Fioravante (John Turturro) è un delicato fioraio part-time, uomo che invecchia dolcemente e si esprime nei morbidi movimenti delle mani che intrecciano ikebana.
Murray (Woody Allen) è un libraio costretto alla chiusura da un mondo che sembra aver dimenticato il senso simbolico del frusciare dei vecchi volumi, perso dentro un’immotivata frenesia di futuro.
Crisi economiche e crisi esistenziali viaggiano parallele in Gigolò per caso, opera quinta di Turturro, annegata nei colori autunnali di una Brooklyn arrossata dall’Indian Summer, elegia languida di un mondo – città, uomini, donne, sentimenti, valori – che ormai non esiste più. Fioravante e Murray sono panda sopravvissuti alla catastrofe, al declino di un mondo cavalleresco soppiantato dalla fretta.
Murray, più burbero e goffamente scaltro, offre a Fioravante l’occasione di qualche guadagno extra e una potenziale iniezione di autostima: fare il gigolò – anche questo un mestiere metaforicamente “vecchio” – per sedare le voglie di ricche signore bisognose di qualche nuova vibrazione.
Gigolò per caso, con il suo spirito frivolo da operetta, nasconde un cuore antico sotto la patina di malinconica farsa socio-sentimentale. Fioravante rispolvera, in luogo del culto esteriore per una bellezza ormai plastificata dal contemporaneo, i gesti del vecchio cavaliere, e con essi conquista le anime, oltre che i corpi, delle sue clienti. Fino a quando la vedova di un rabbino non bussa alla sua porta con occhi dolenti e un oppresso bisogno di carnalità.
Turturro pennella i suoi ritratti femminili con innegabile tenerezza ma il risultato è balordo e goffo: le donne sono solo proiezioni ipotetiche, fantasie tutte maschili che assumono rigidità strettamente funzionali. In fondo, nello sguardo da galantuomo del regista, le sue protagoniste sono pure femmine trascurate a cui basta una carezza donata con languore per risvegliare i sensi, calorose astrazioni in cerca d’amore, interruttori sensibili alle attenzioni maschili e mai soggetti decisionali.
Una concezione anacronistica del desiderio femminile che si rispecchia nell’ostentazione demodé, nella santificazione di tutto ciò che può rappresentare un vago romanticismo vintage: fiori, libri, carezze, musica, cibo.

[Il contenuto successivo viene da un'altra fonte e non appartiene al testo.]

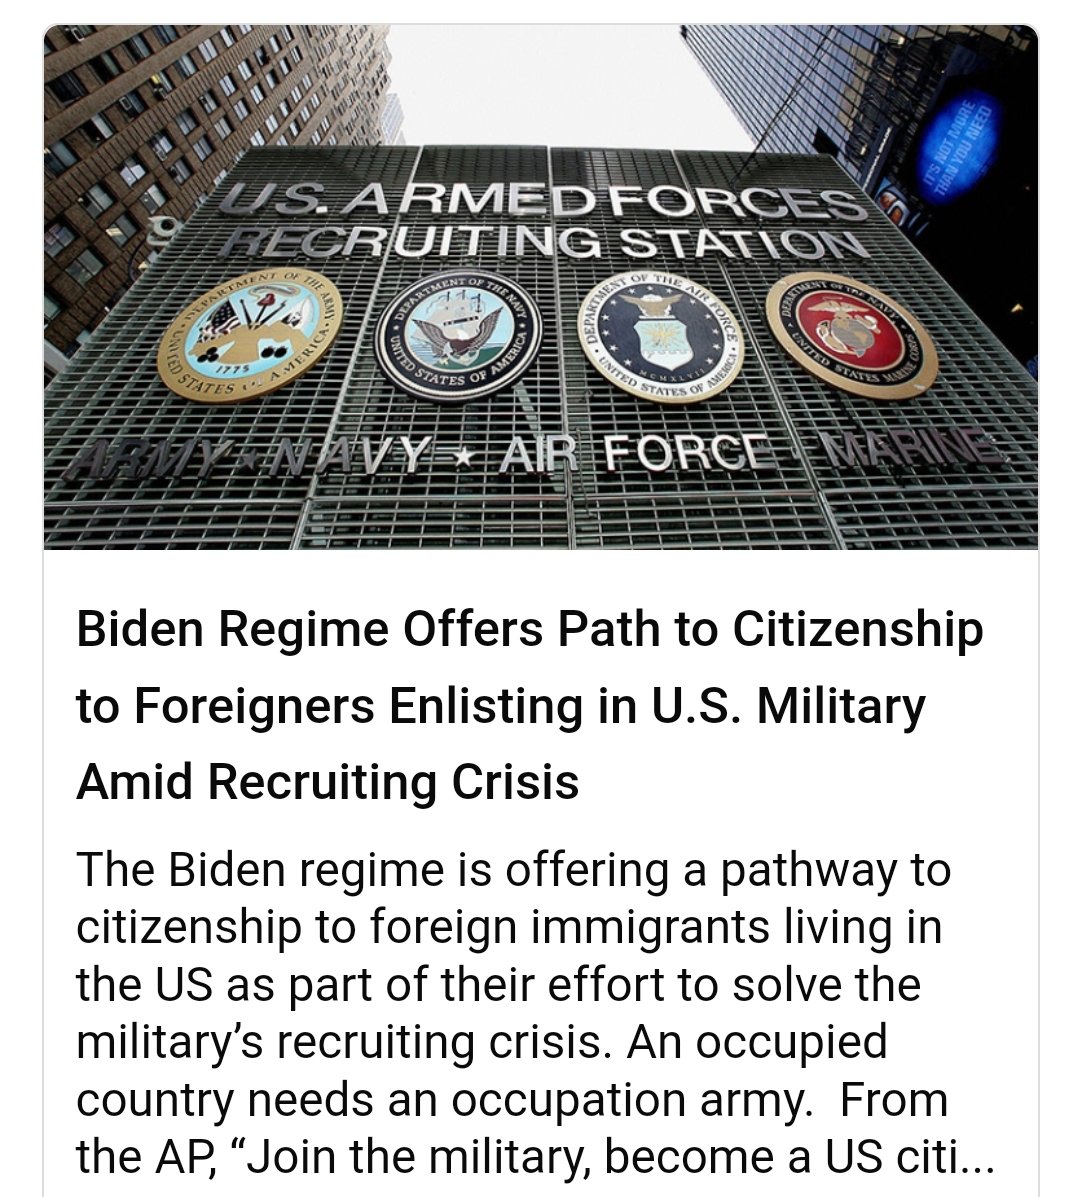 If you ever believed that an all-voluntary military force was incapable of turning against it's own citizens, think again. An illegal wouldn't hesitate putting a bullet in my head or yours in exchange for citizenship.

Una mistica della lentezza e della manualità seduttiva che potrebbe anche intenerire se non fosse così monocorde. Gigolò per caso è, in fondo, una rivendicazione orgogliosa ma flebile di un passato dorato che sfuma subito nel rimpianto, incapace di lasciare tracce nella memoria.
Fioravante e Murray, due amici per la pelle in condizioni economiche precarie, per sbarcare il lunario decidono di cimentarsi con il mestiere più antico del mondo. L'uno nei panni di un gigolò, l'altro nel ruolo di manager. Con il nome d’arte Virgil, Fioravante si destreggia tra un ménage a trois con due avvenenti signore alla ricerca di emozioni forti e gli incontri ben più casti con Avigal, vedova di un rispettato Rabbino, rimasta sola con i figli, i ricordi di una vita vissuta nel mondo chiuso della comunità chassidica e un disperato bisogno di scoprire cose nuove. Mentre Fioravante viene messo in crisi dai sentimenti che quest'ultima suscita in lui, ignaro della gelosia di Dovi, chassidico innamorato di lei fin da quando era ragazzo, Bongo (pseudonimo di Murray) scopre che non è poi così facile essere un protettore.